3scale / APIcast

3scale API Gateway
Apache License 2.0
305 stars 171 forks source link

Rate limit policy does not take into account changes in the config when using Redis #667

Closed davidor closed 6 years ago

davidor commented 6 years ago

The rate limit policy has some limitations when configured to use Redis.

For example:

or

In order to solve this problems, we need to store more information in Redis and perform some checks every time Apicast boots with the rate limit policy config. For example, the policy needs to check the existing limits and see if it needs to increase the TTL of the limiting keys, decrease it, remove them, etc.

y-tabata commented 6 years ago

If it's acceptable to reset rate limits when the gateway restarts, we can add timestamp or a random string to the key in the initialization.

davidor commented 6 years ago

@y-tabata I think it will depend a lot on the use case.

For limits with small periods (seconds, minutes) it might be acceptable. However, 3scale supports big periods for limits (like a month, or a year). In that case, resetting the counters and the limiters is not acceptable.

y-tabata commented 6 years ago

Regarding connections and leaky bucket, it's no problem to reset rate limits because when the gateway restarts, there is no connection.

So we need to focus on fixed window only. There are 5 cases on each parameter as illustrated in the following example.

window:

old window current new window expected window reset?
10 5 3 3 yes
10 5 5 5 yes
10 5 7 7 yes
10 5 10 5 no
10 5 15 15 yes

count:

old count current new count expected count reset?
10 5 3 3 yes
10 5 5 5 yes
10 5 7 7 yes
10 5 10 5 no
10 5 15 15 yes

Regarding window, if the new window is shorter than the current window, we have to reset the rate limit. If the new window is longer than the current window and the window value is changed, it is thought that users restarted the gateway in order to reset the rate limit. It is strange that the window in the real environment is still following to the current window although users change the window value. So we have to reset the rate limit. But if the new window equals the old window, it is not thought that users restarted the gateway in order to reset the rate limit. So we don't reset the rate limit. The same is true of count. So we store the count and window in Redis, and if the new window equals the old window and the new count equals the old count, then we don't reset rate limits. Otherwise, we reset rate limits.

mikz commented 6 years ago

@y-tabata you are thinking that the key is going to be known without the request.

That is not going to be the case all the time. We plan to add templating to the key, so you can for example rate limit by {{ ngx.var.remote_addr }} to use client IP address. That value would be interpolated in the rewrite phase - the key would not be known until the evaluation.

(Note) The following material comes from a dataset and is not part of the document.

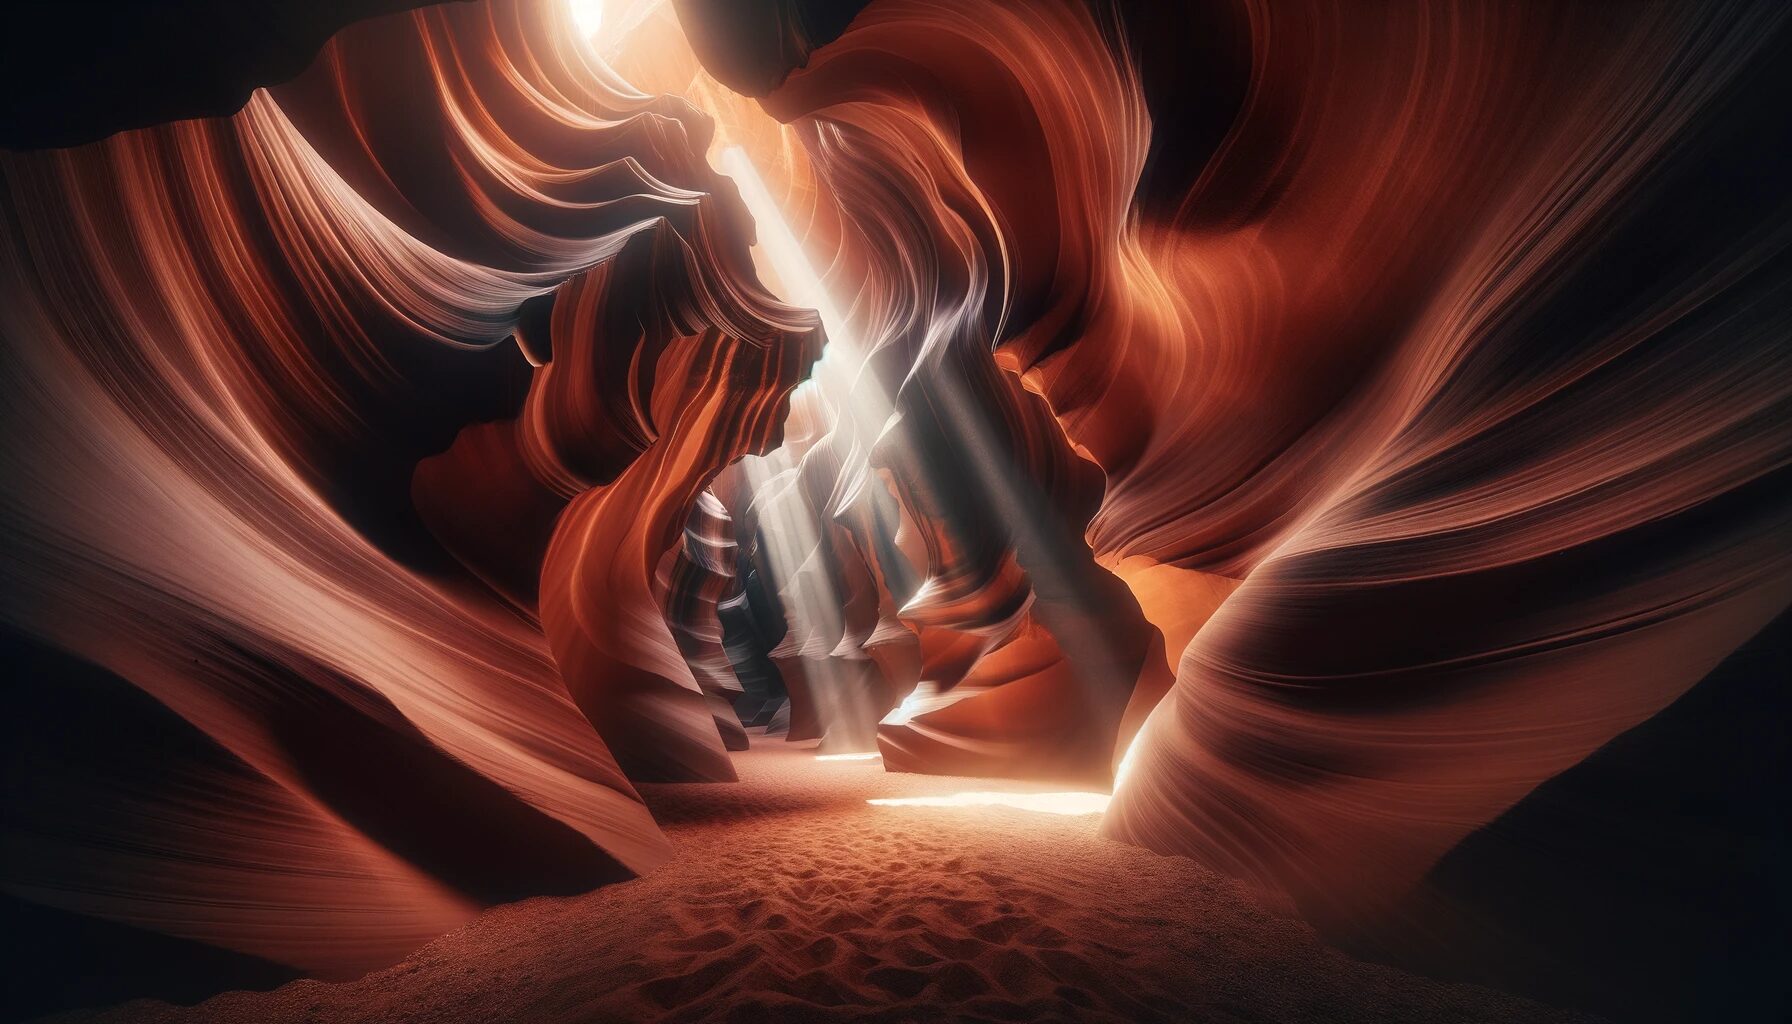 光と影が織りなすアンテロープキャニオンの神秘 - 無料写真素材

I think it is first important to define what we want - business logic wise - and then proceed to the technical solution.

"connection"

https://github.com/openresty/lua-resty-limit-traffic/blob/ef080731b80fe00a385a4aed8a7f7f575d01c152/lib/resty/limit/count.lua#L47 uses decrements to maintain the connection limit. That means on change of the limit the current window would first have to expire.

I understand this might be confusing and probably counter effective. Example scenario: the limit is set too high for too long window and due to an attack it needs to be lowered - need to expire the window would be pretty limiting factor preventing quick reaction to an attack.

Proposal: use increments instead of decrements to maintain current connection count and apply the limit after that.

"leaky bucket"

This limiter is configured with per second rate limit and burst. I think it is ok to ignore this as its super low granularity would cause it to reload instantly.

"fixed window"

https://github.com/openresty/lua-resty-limit-traffic/blob/ef080731b80fe00a385a4aed8a7f7f575d01c152/lib/resty/limit/count.lua#L47 - it is implemented the same as connection rate limiter. Decrements from the limit default value.

Switching to maintaining current value and let the limit outside would solve the problem.

Summary

I think we should investigate cost of changing to increment model and see if we can push those changes upstream. If not, we could simply fork the library.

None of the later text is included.